--- Exercise directions ---
Line by line, set down all the data below exactly, omitting any picture.

--- Exercise data ---
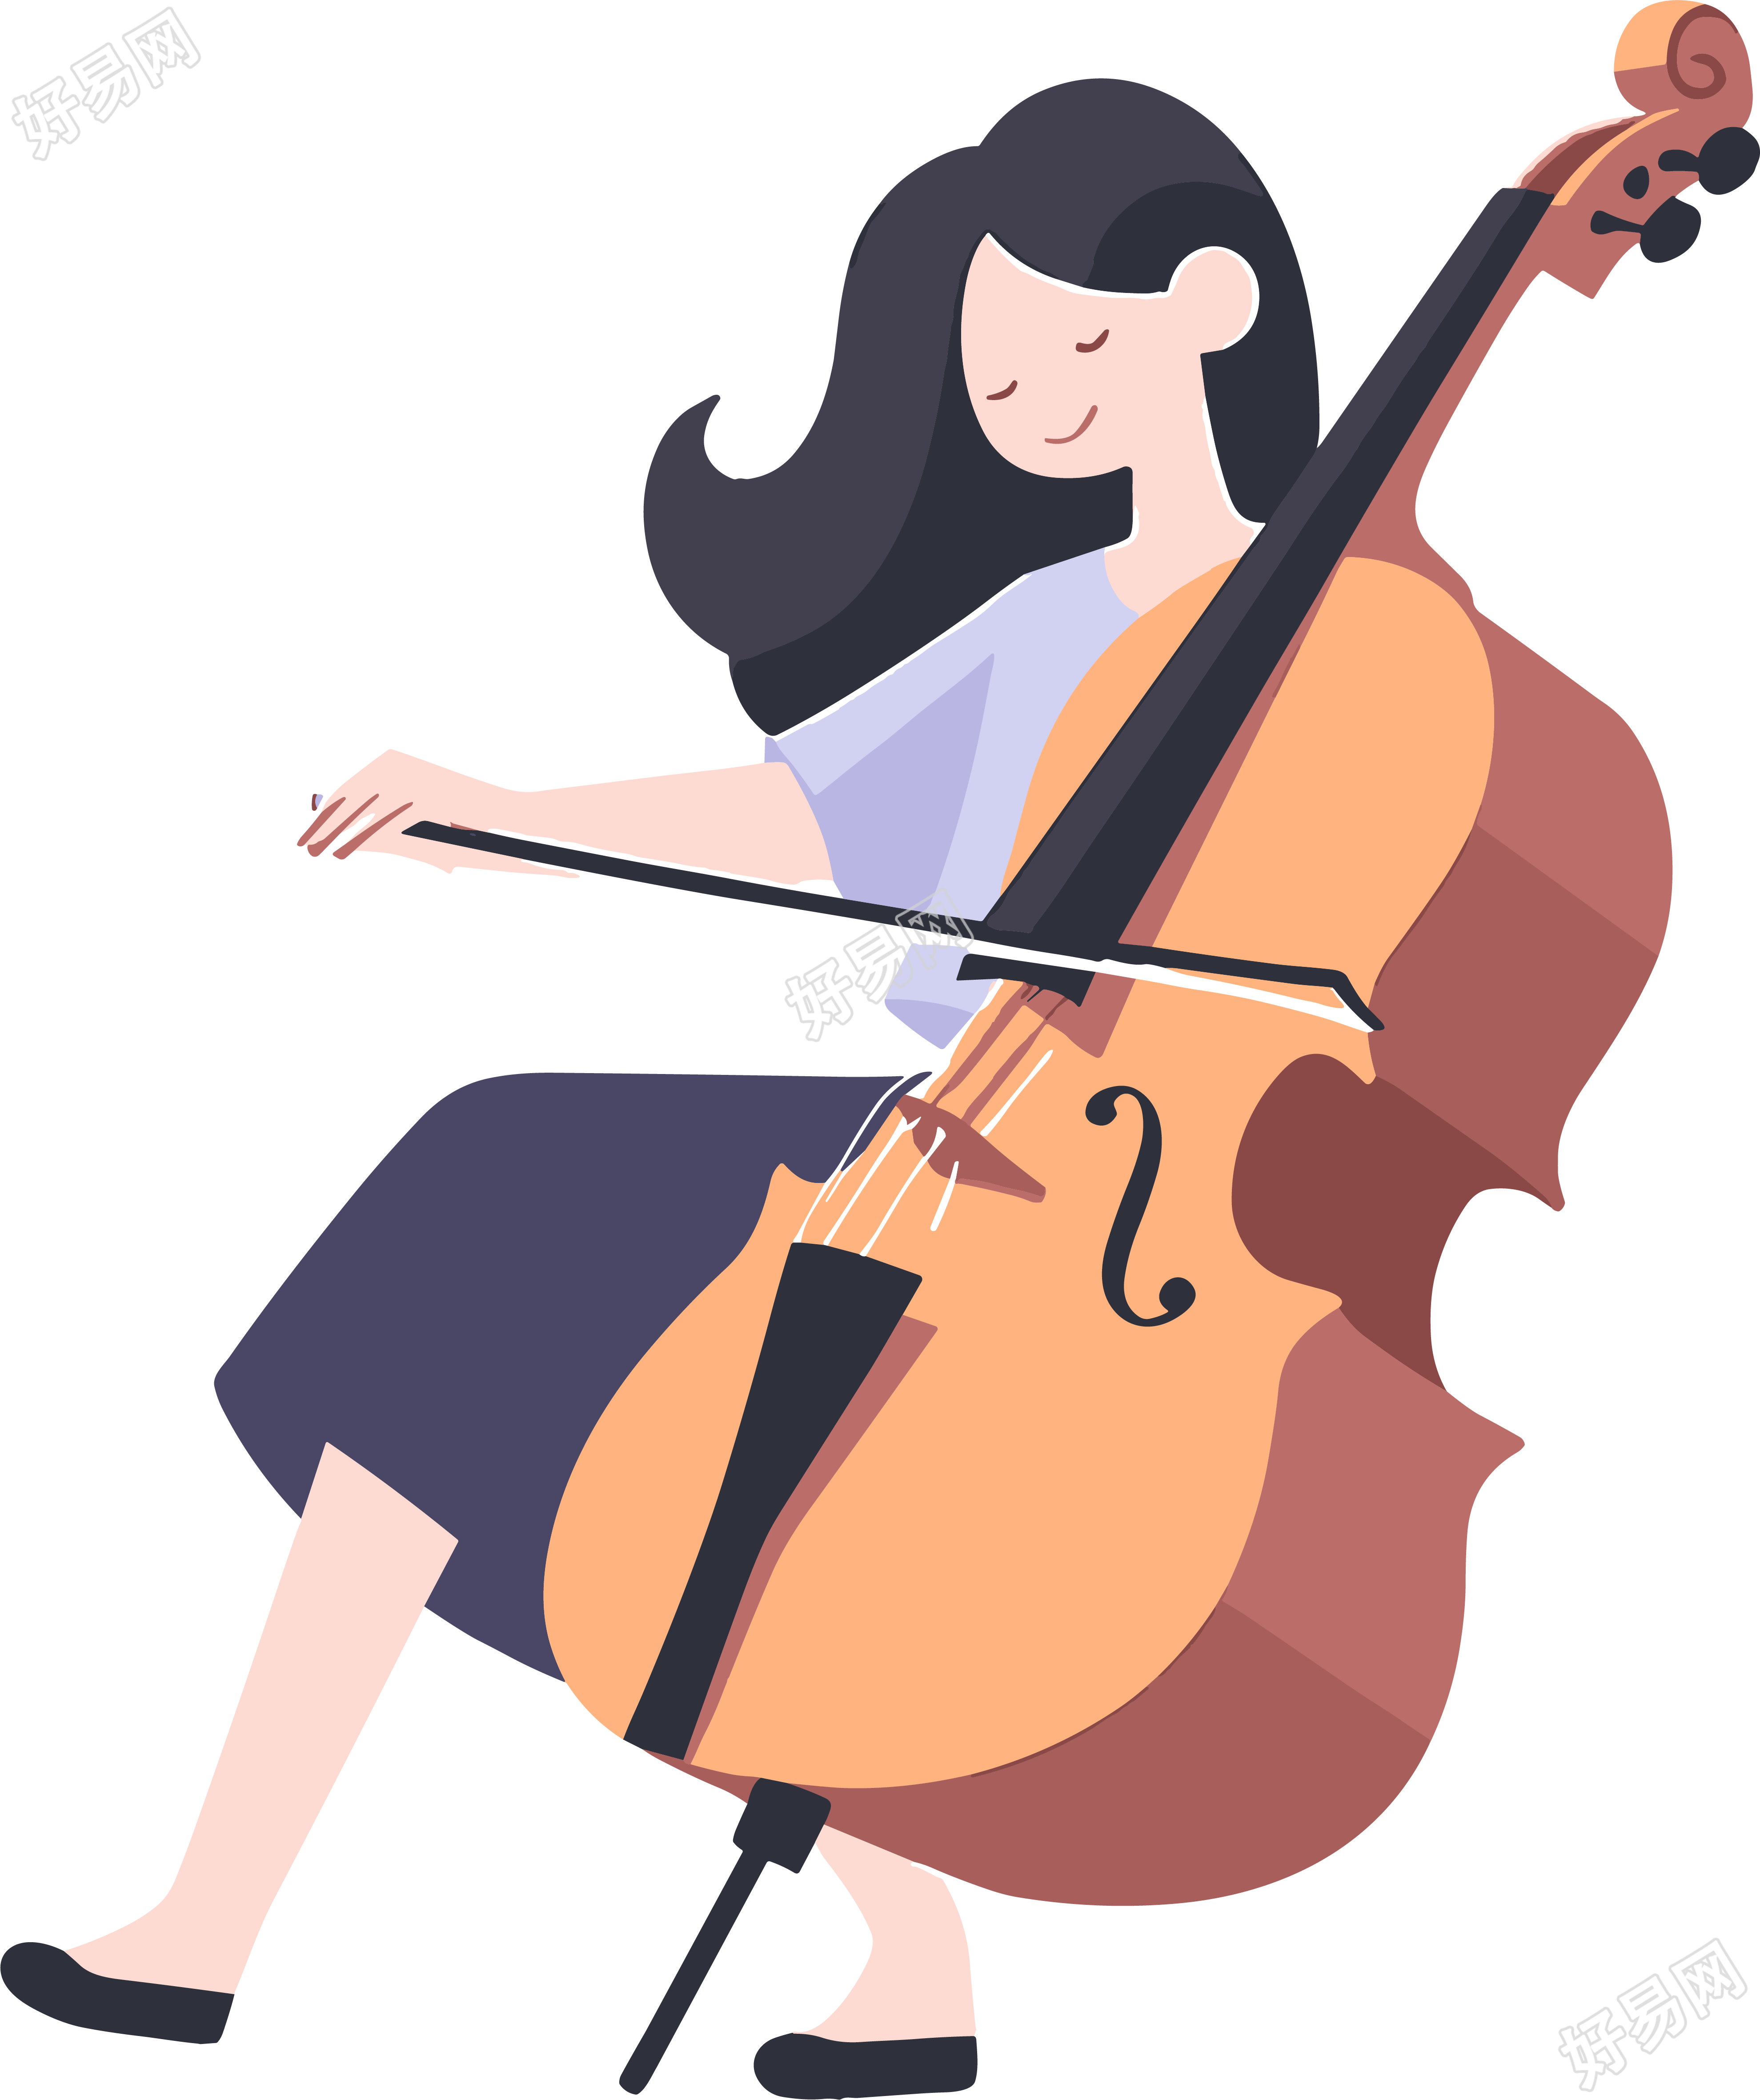 大提琴演奏插画设计素材
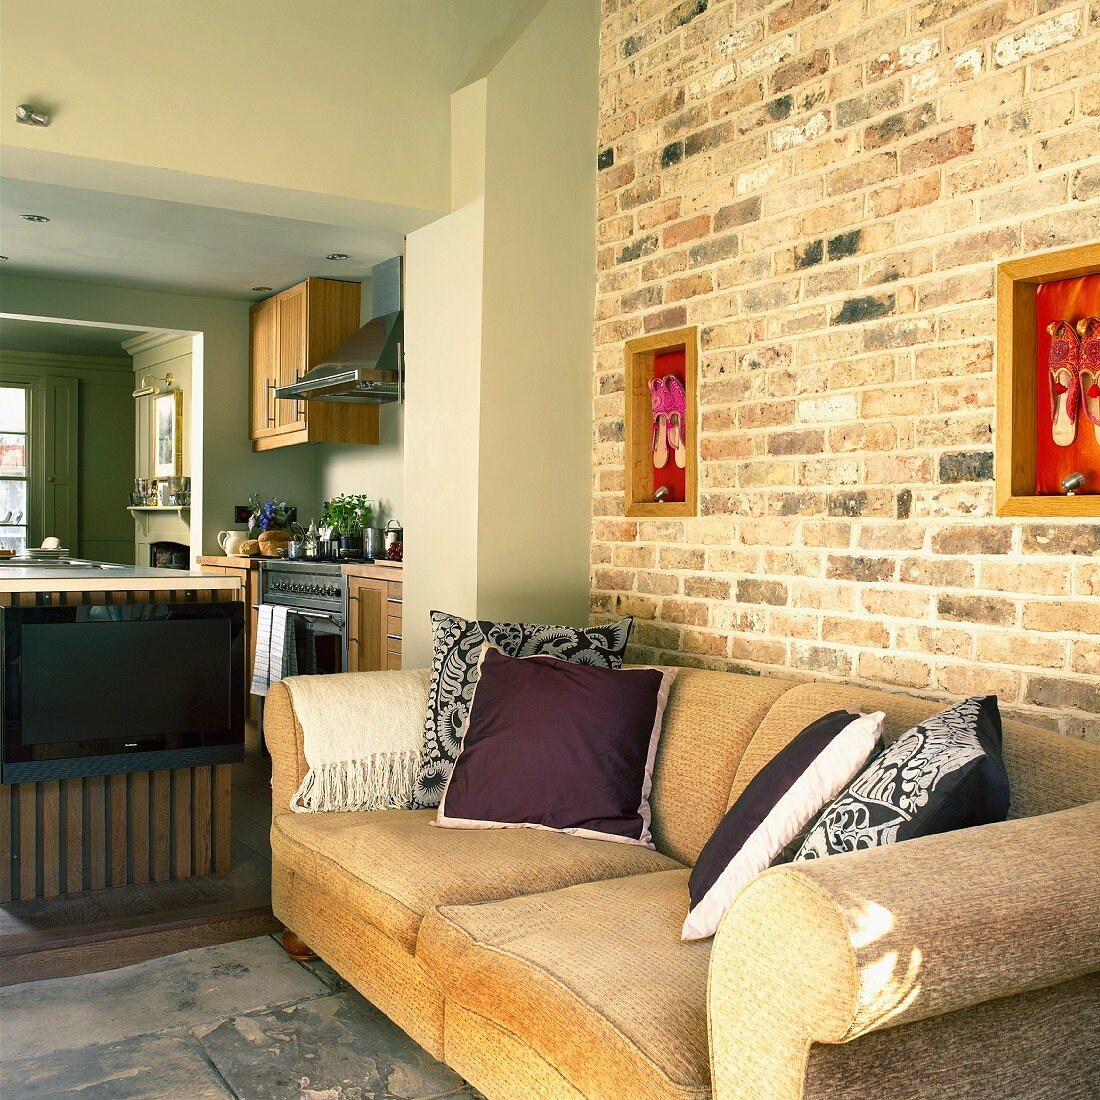 Zimmerflucht in einem Landhaus: Wohnzimmer mit Sofa an einer Ziegelwand, Küche mit Mittelblock und Essecke
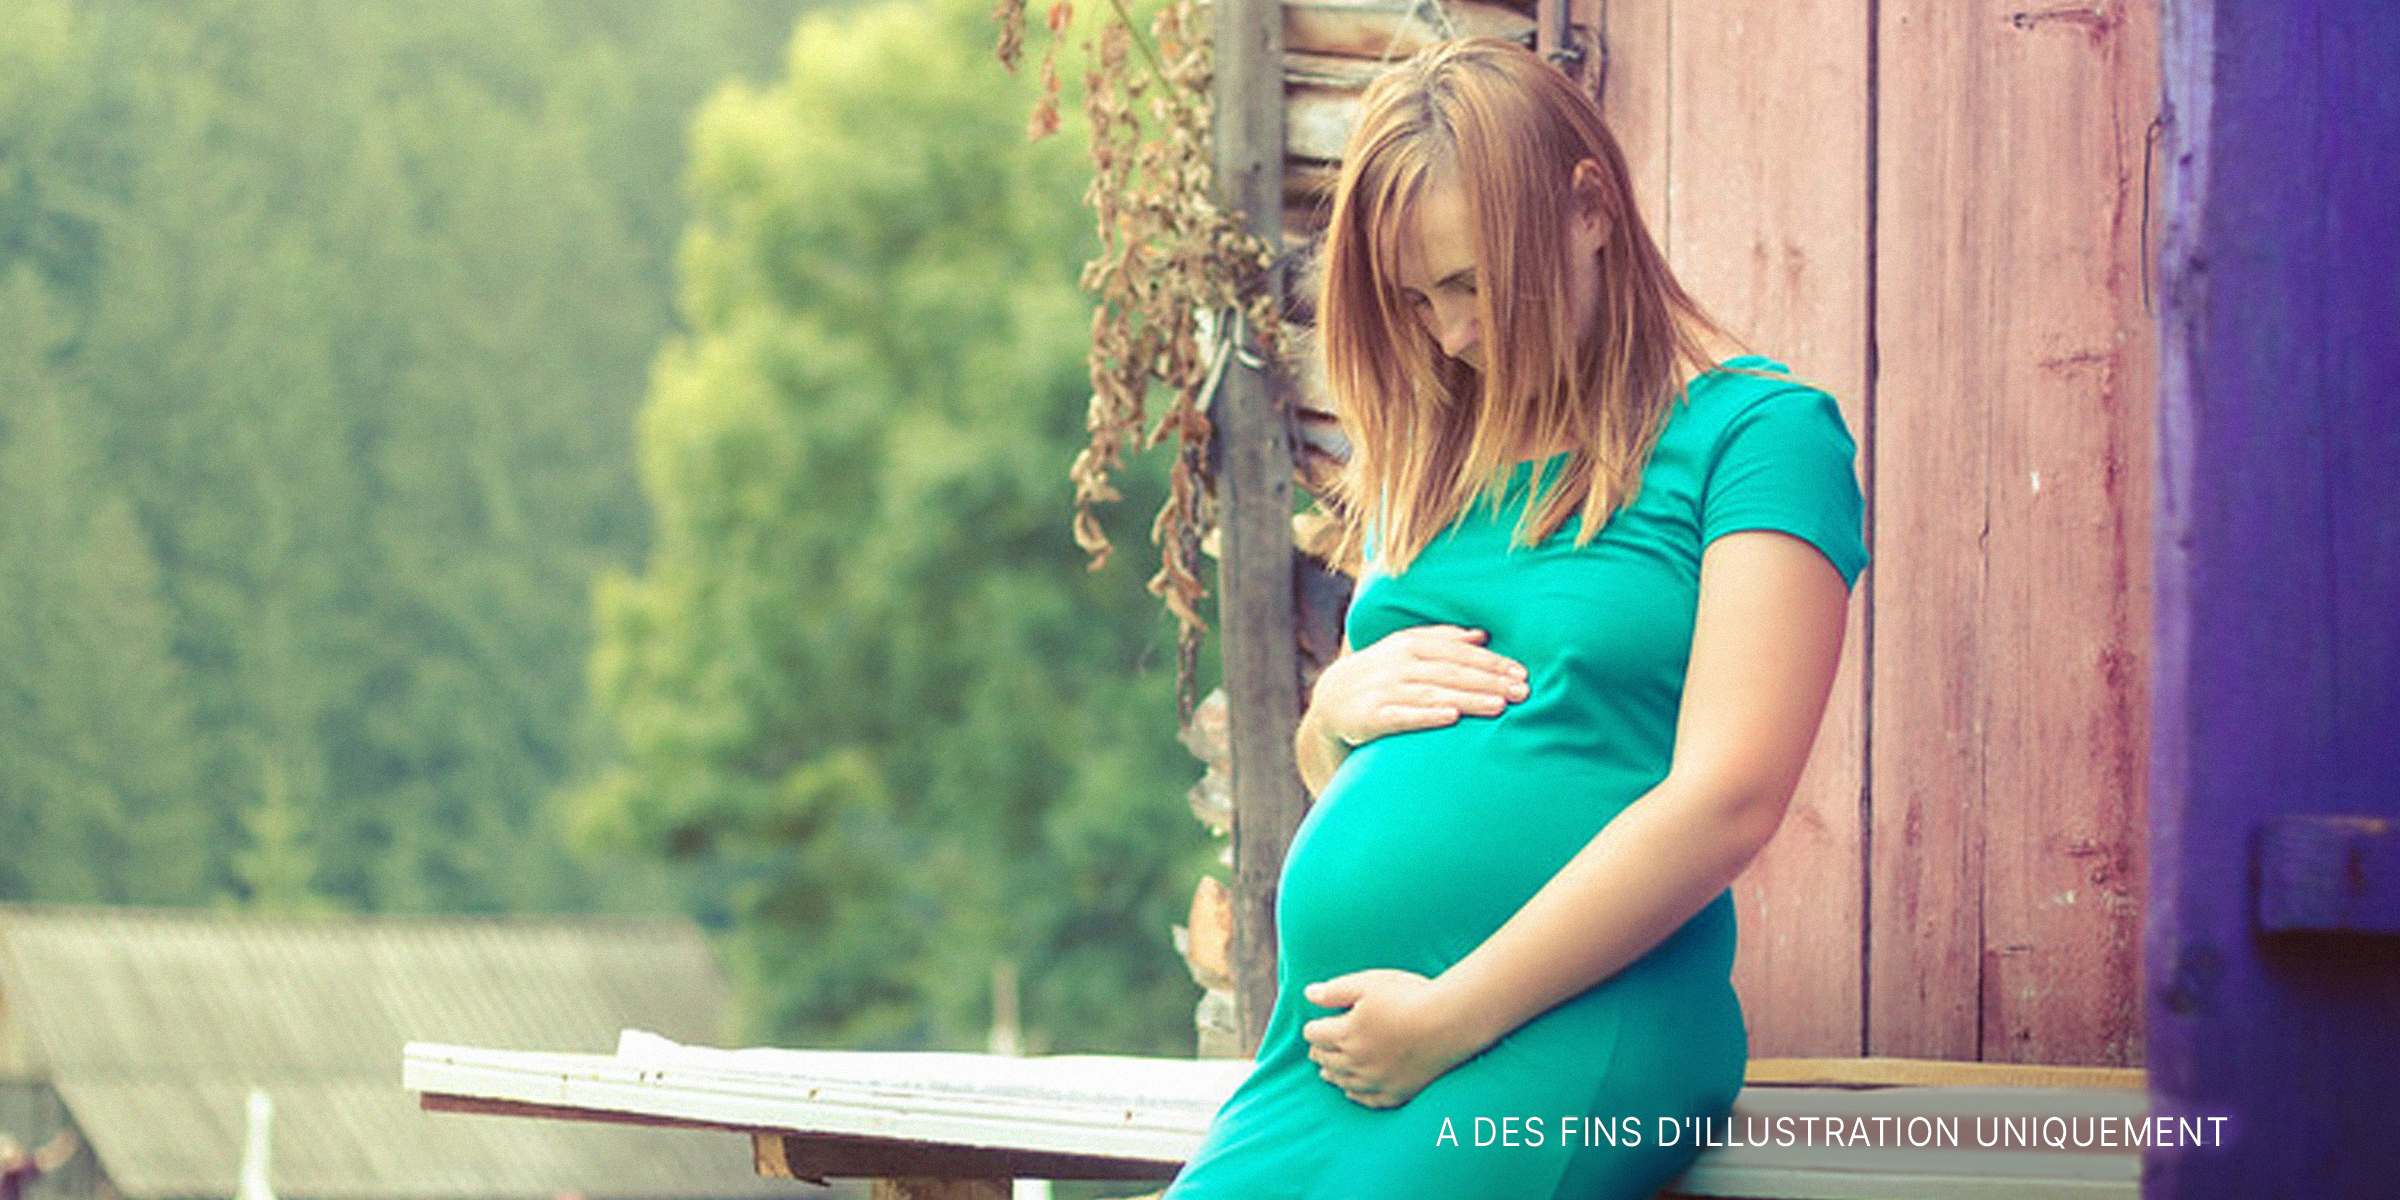 Une femme enceinte tenant son ventre | Source : flickr.com/ (CC BY 2.0) by Juanedc

--- Reply to the task ---
 大提琴演奏插画设计素材
 Zimmerflucht in einem Landhaus: Wohnzimmer mit Sofa an einer Ziegelwand, Küche mit Mittelblock und Essecke
 Une femme enceinte tenant son ventre | Source : flickr.com/ (CC BY 2.0) by Juanedc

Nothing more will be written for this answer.